On Nov. 23, moments before a Northwest Airlines jet was scheduled to depart Las Vegas for Detroit, the captain let his belly get the best of him. The Minneapolis Star Tribune reported that the pilot was upset because his “special meal” had not been delivered. “He got off the plane, he walked by a number of food establishments that were open and serving, he got into a cab and went off-site,” said Northwest spokesman Jon Austin. While searching for a meal that would please his palate, the finicky flyboy managed to delay Flight 1194 for more than an hour.
It took less than two weeks for airline management to terminate the captain. Like the special meal he so desperately desired, his 22-year flying career was consumed, digested, flushed down the toilet and forgotten.
Though such reactions are rare, food — or the lack thereof — is as volatile an issue for crew members as it is for airline passengers. Some union contracts require that airlines provide on-board meals for pilots. At Delta Airlines, where pilots have no such provision, the company recently announced a voluntary program to spend $3 million to $5 million for cockpit crew meals on flights where food is served.
Flight attendants at most carriers have no such luck: Unless we happen to be working on a long-haul international flight, there’s usually no food designated for cabin crew.
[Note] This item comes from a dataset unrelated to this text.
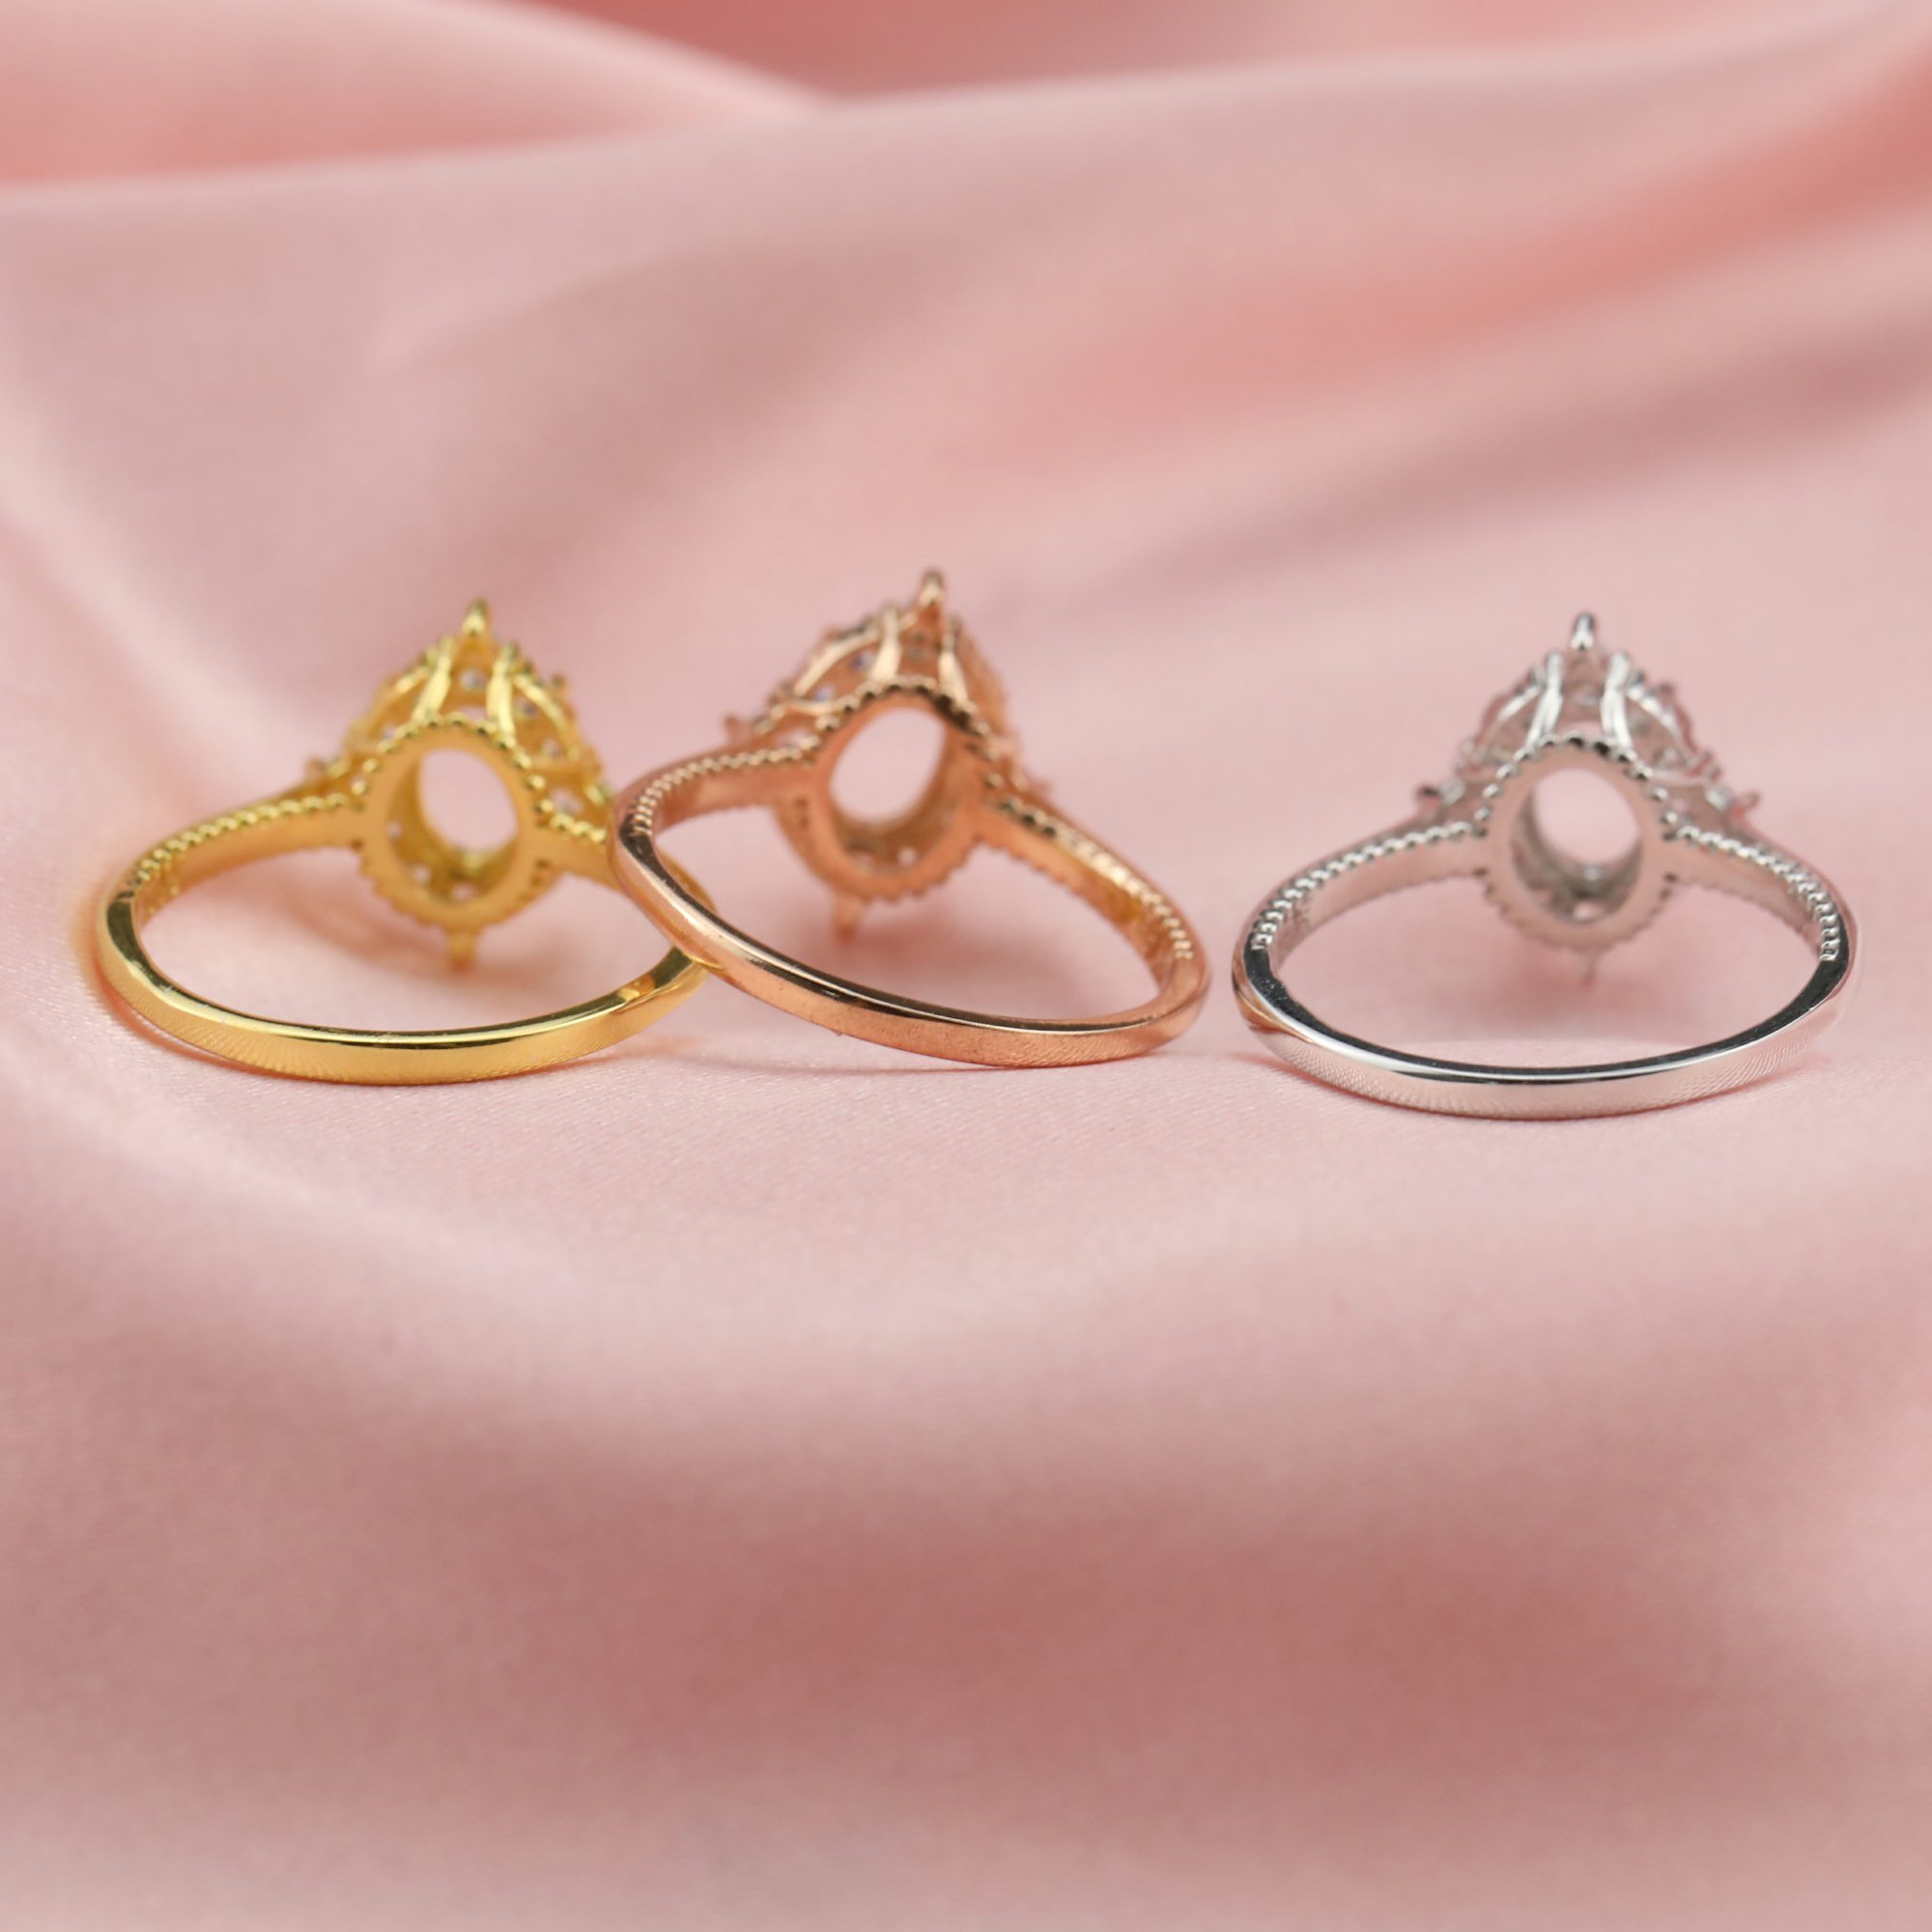 5x7MM Keepsake Breast Milk Oval Prong Ring Settings Resin Solid 14K Gold Moissanite Accents DIY Ring Blank Band for Gemstone 1224119-1 - Click Image to Close

And during long, multileg flight sequences, when flight attendants are on duty for up to 14 hours and quick connections require sprints from plane to gate to plane to gate, three, four, sometimes five times a day, there simply isn’t time to eat on the ground. Often, there’s not enough time to stand in line for a takeaway quarter pounder at an airport McDonald’s. When time is short and hunger opens a crater in a crew member’s stomach, we rely on the old standby: leftover airplane food.
After the passenger meal service has been completed, flight attendants often gather in the first-class galley. We don’t just come here to chat, however. When we disappear into the galley, we mean business. Like vultures hovering over the half-eaten corpse of a wildebeest, we lick our beaks, lusting for an appetizer or a dinner roll, hoping to snare some leftover meat — all the while praying that our comrades are on a diet. If there aren’t enough entrees for the entire crew, someone might make a halfhearted offer: “Wanna split this with me?”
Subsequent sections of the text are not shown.